1959 yılında Ankara’da doğdu.Orta öğrenimini İstanbul’da Galatasaray Lisesindetamamladı. 1978 yılında girdiğiHacettepe Üniversitesi Tıp Fakültesinden 1984 yılında mezun oldu ve yasa gereği mecburi hizmet yapmak üzere Artvin Borçka Merkez Sağlık Ocağına tayin edildi. 1987 yılında İstanbul Şişli Etfal Eğitim ve Araştırma Hastanesi Göz Hastalıkları uzmanlık eğitimine başladı. Asistanlığının ilk yılından itibaren oküloplastik cerrahiye ilgi duyan Dr.Şafak Karslıoğlu, 1989’da Hareketli Göz Protezleri ile ilgili araştırma projesi ile İspanya Hükümeti’nin verdiği Araştırma bursunu kazanarak Madrid Alcala de Henares Üniversitesi Göz Hastalıkları Kürsüsünde çalışmalarda bulundu. 1990 yılında gittiği Londra Moorfields Göz Hastanesi’nde Orbita, Göz Kapakları ve Gözyaşı sistemi ile ilgili eğitim aldı.1991’de uzmanlık eğitimini tamamlayarak göz hastalıkları uzmanı oldu. 2001 senesinde sağlık bakanlığı tarafından verilen eğitim bursunu kazanarak Londra Moorfields Göz Hastanesi’nde Kornea Hastalıkları ve Göz Nakli konusunda eğitim aldı. 2009 senesinde doçent oldu.

Doç. Dr. Şafak Karslıoğlu ile Dünya Mutfağı

Doç.

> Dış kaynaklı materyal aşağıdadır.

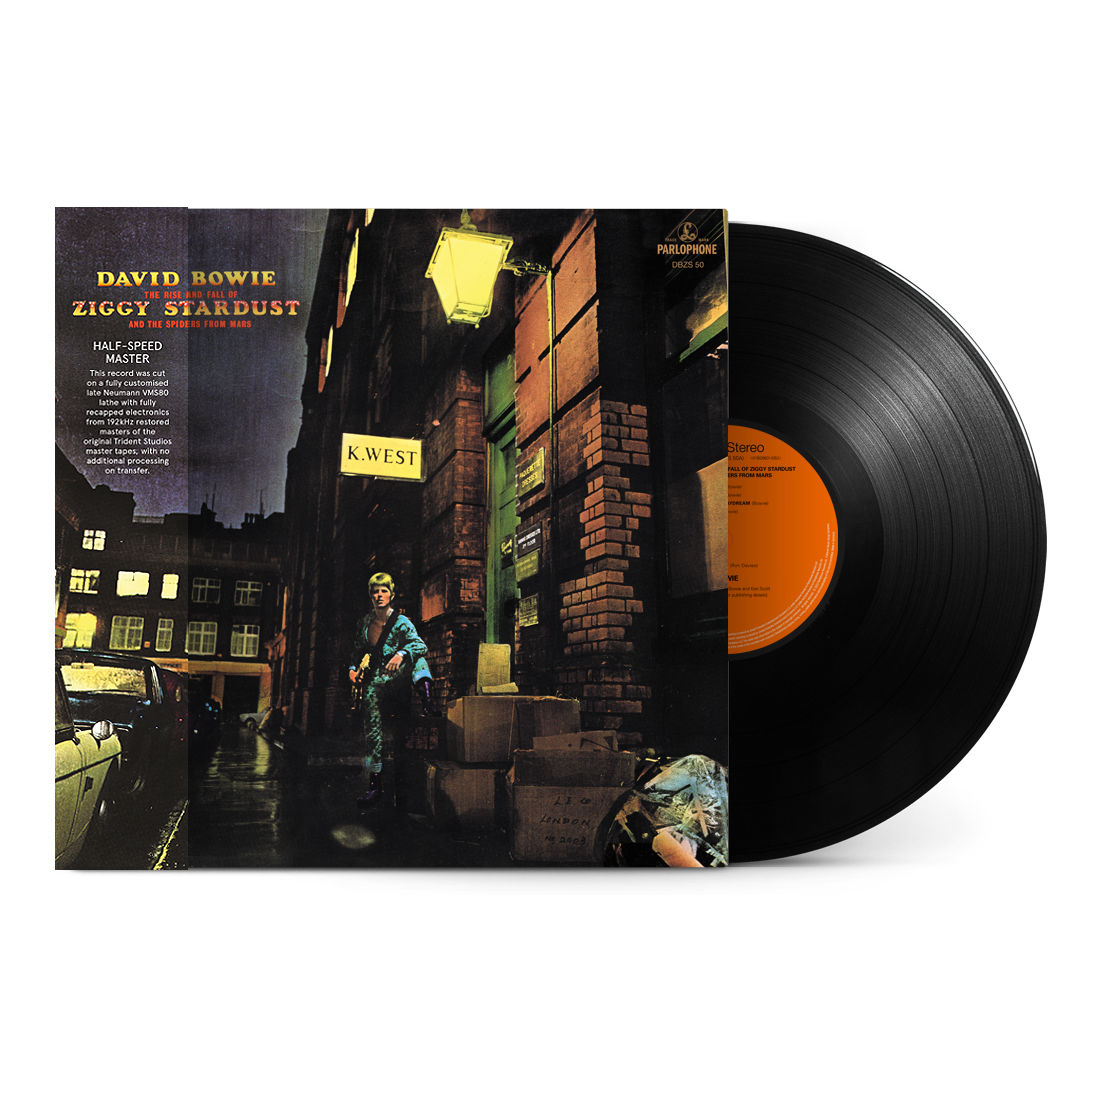 David Bowie - The Rise and Fall of Ziggy Stardust and the Spiders from Mars: 50th Anniversary Half Speed Master Vinyl LP

Dr. afak Karslıoğlu, babasının memur olması sebebiyle çocukluğu boyunca tüm Türkiye’yi gezmiş. Bulgaristan göçmeni babası, Karadenizli annesi ve Diyarbakırlı eşi sayesinde Anadolu’nun yemek kültürünü yakından inceleme fırsatına sahip olmuş. Kendini bildi bileli yemek kültürüne meraklı olduğunu belirten Dr. Karslıoğlu, yemeğe dair tecrübelerini ve gülümseten anılarını Sandal Balık Evi’nde gerçekleştirdiğimiz sohbette siz, Ophthalmology Life okuyucuları için paylaştı.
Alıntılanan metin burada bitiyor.